I’ve known of this “one-man cemetery” most of my life, and just photographed it last June. I initially thought it was perhaps an eccentric member of the Coleman family, who were large landowners in this part of Irwin County in the late 19th century. I had heard from a commenter that Mr. Coleman might have been a slave but I got busy and didn’t follow up. When I was in the area last week, my friend Jackie Fussell Golden confirmed the site’s importance, sharing this information from a family history: Silas Coleman was born a slave in Tennessee on 2 January 1837, died 22 April 1921. He was the beloved slave and house servant of Elisha Coleman. One thing very evident about this black gentleman is that the Coleman, Mann and McDaniel families had very warm feelings of love and affection for him.
The following history of Silas Coleman passed down to Mona McDaniel by her father, T. B. McDaniel, son of Fort Jasper McDaniel and Elmina Mann, and other family members, as well: After the Civil War it appears Coleman was in or had emigrated to Alabama. Since travel was so difficult for blacks during that time, Silas decided to stay and work with Elisha Coleman. When Elisha died, James Mann and Elisha’s daughter Mary lived with her mother. James died soon after 1880 and Silas helped his widow Mary Ann Coleman Mann with the rearing of her five young daughters: Sarah Elmina (McDaniel); Matilda Jane (Hogan); Idella (Luke); Lindsey Columbus (Mann); and Anna Bell (Mann). It is to be noted that their love and respect was such that Silas was allowed to chastise and even spank the girls if necessary.
Silas was said to be a very stern man and did not put up with foolishness. He could not read or write but controlled his money by having someone wrap it up in colored cloth by different denominations. Silas seems to have been a very caring and loving individual as he stayed with these families and helped them for over 60 years, from the time of the Civil War until he died in 1921.
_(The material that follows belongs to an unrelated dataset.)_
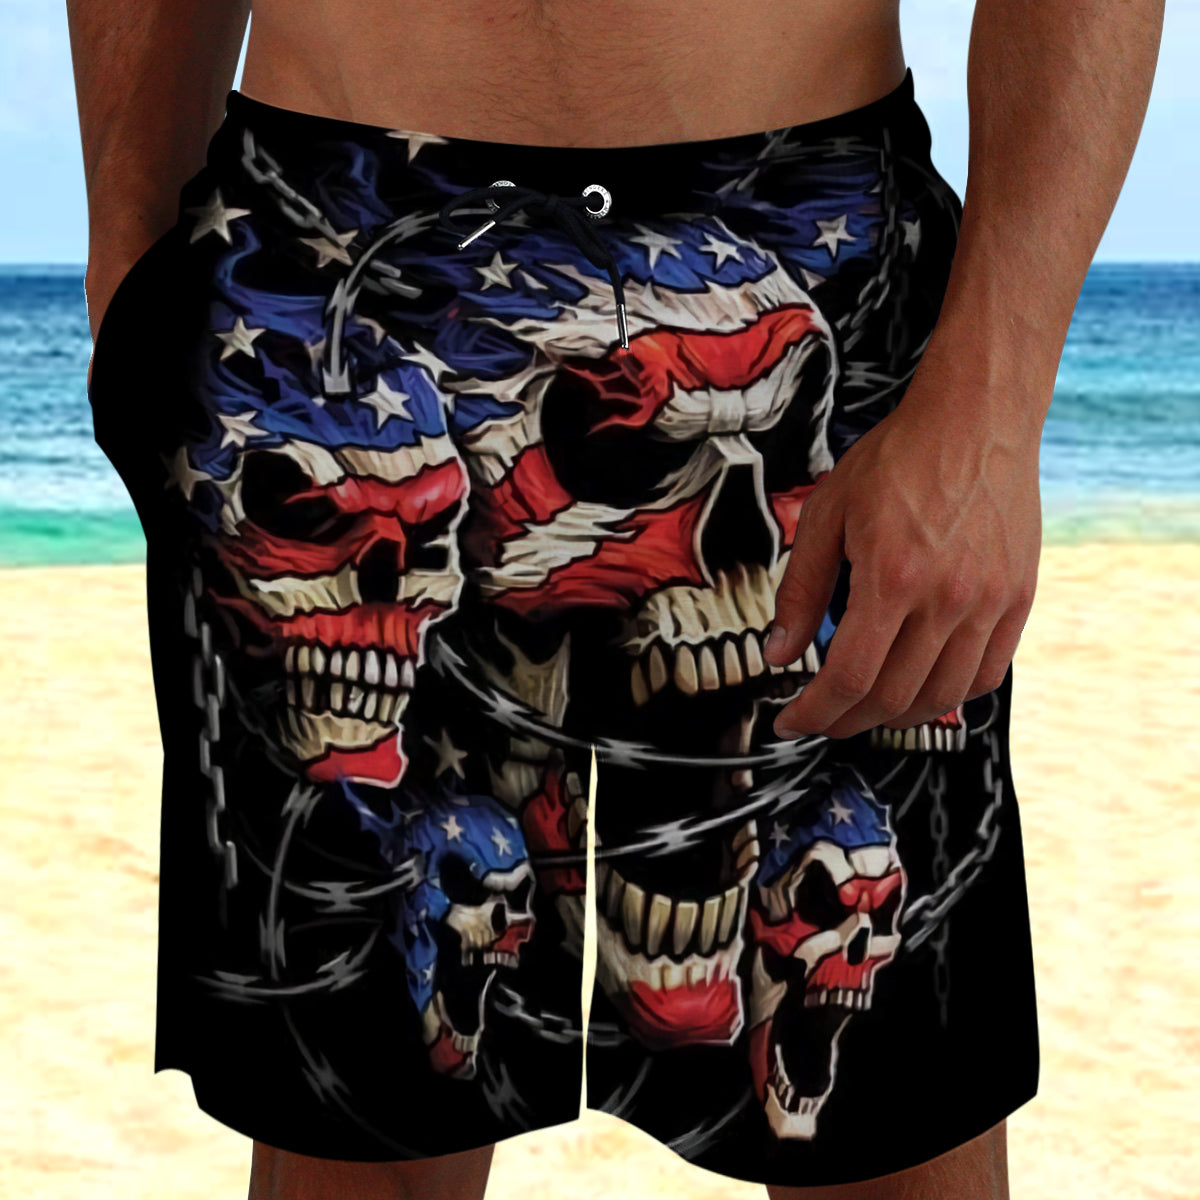 Skull With American Flag Shorts 09100

Silas did live alone at one time but as he advanced in years, he moved into the house and lived with Morris and Maurine Mann. When he passed away he was “laid out” in their living room and the funeral was in the woods near the house, in the place that he had stated he wished to be. Lola McDaniel Harper, her mother Elmina, and sister Ruby attended his funeral. This love for him is evidenced by the beautiful monument erected and placed on his grave by Vianna Mann Fletcher.
Data provided by Mona McDaniel Temples and Joy Wilson McDaniel (Joy Wilson McDaniel is also the author of Irwinville Farms Project: The Making of a Community).